2. HumanNorm: Learning Normal Diffusion Model for High-quality and Realistic 3D Human Generation

Xin Huang, Ruizhi Shao, Qi Zhang, Hongwen Zhang, Ying Feng, Yebin Liu, Qing Wang

(Northwestern Polytechnical University, Tsinghua University)

Abstract

Recent text-to-3D methods employing diffusion models have made significant advancements in 3D human generation. However, these approaches face challenges due to the limitations of text-to-image diffusion models, which lack an understanding of 3D structures. Consequently, these methods struggle to achieve high-quality human generation, resulting in smooth geometry and cartoon-like appearances. In this paper, we propose HumanNorm, a novel approach for high-quality and realistic 3D human generation. The main idea is to enhance the model's 2D perception of 3D geometry by learning a normal-adapted diffusion model and a normal-aligned diffusion model. The normal-adapted diffusion model can generate high-fidelity normal maps corresponding to user prompts with view-dependent and body-aware text. The normal-aligned diffusion model learns to generate color images aligned with the normal maps, thereby transforming physical geometry details into realistic appearance. Leveraging the proposed normal diffusion model, we devise a progressive geometry generation strategy and a multi-step Score Distillation Sampling (SDS) loss to enhance the performance of 3D human generation.

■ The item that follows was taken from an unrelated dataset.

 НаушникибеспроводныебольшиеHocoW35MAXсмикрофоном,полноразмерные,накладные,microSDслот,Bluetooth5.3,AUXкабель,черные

Comprehensive experiments substantiate HumanNorm's ability to generate 3D humans with intricate geometry and realistic appearances. HumanNorm outperforms existing text-to-3D methods in both geometry and texture quality.

3. TeCH: Text-guided Reconstruction of Lifelike Clothed Humans

Yangyi Huang, Hongwei Yi, Yuliang Xiu, Tingting Liao, Jiaxiang Tang, Deng Cai, Justus Thies

(Mohamed bin Zayed University of Artificial Intelligence, Max Planck Institute for Intelligent Systems, Peking University, State Key Lab of CAD & CG Zhejiang University)

Abstract

Despite recent research advancements in reconstructing clothed humans from a single image, accurately restoring the "unseen regions" with high-level details remains an unsolved challenge that lacks attention. Existing methods often generate overly smooth back-side surfaces with a blurry texture. But how to effectively capture all visual attributes of an individual from a single image, which are sufficient to reconstruct unseen areas (e.g., the back view)? Motivated by the power of foundation models, TeCH reconstructs the 3D human by leveraging 1) descriptive text prompts (e.g., garments, colors, hairstyles) which are automatically generated via a garment parsing model and Visual Question Answering (VQA), 2) a personalized fine-tuned Text-to-Image diffusion model (T2I) which learns the "indescribable" appearance. To represent high-resolution 3D clothed humans at an affordable cost, we propose a hybrid 3D representation based on DMTet, which consists of an explicit body shape grid and an implicit distance field. Guided by the descriptive prompts + personalized T2I diffusion model, the geometry and texture of the 3D humans are optimized through multi-view Score Distillation Sampling (SDS) and reconstruction losses based on the original observation. TeCH produces high-fidelity 3D clothed humans with consistent & delicate texture, and detailed full-body geometry. Quantitative and qualitative experiments demonstrate that TeCH outperforms the state-of-the-art methods in terms of reconstruction accuracy and rendering quality.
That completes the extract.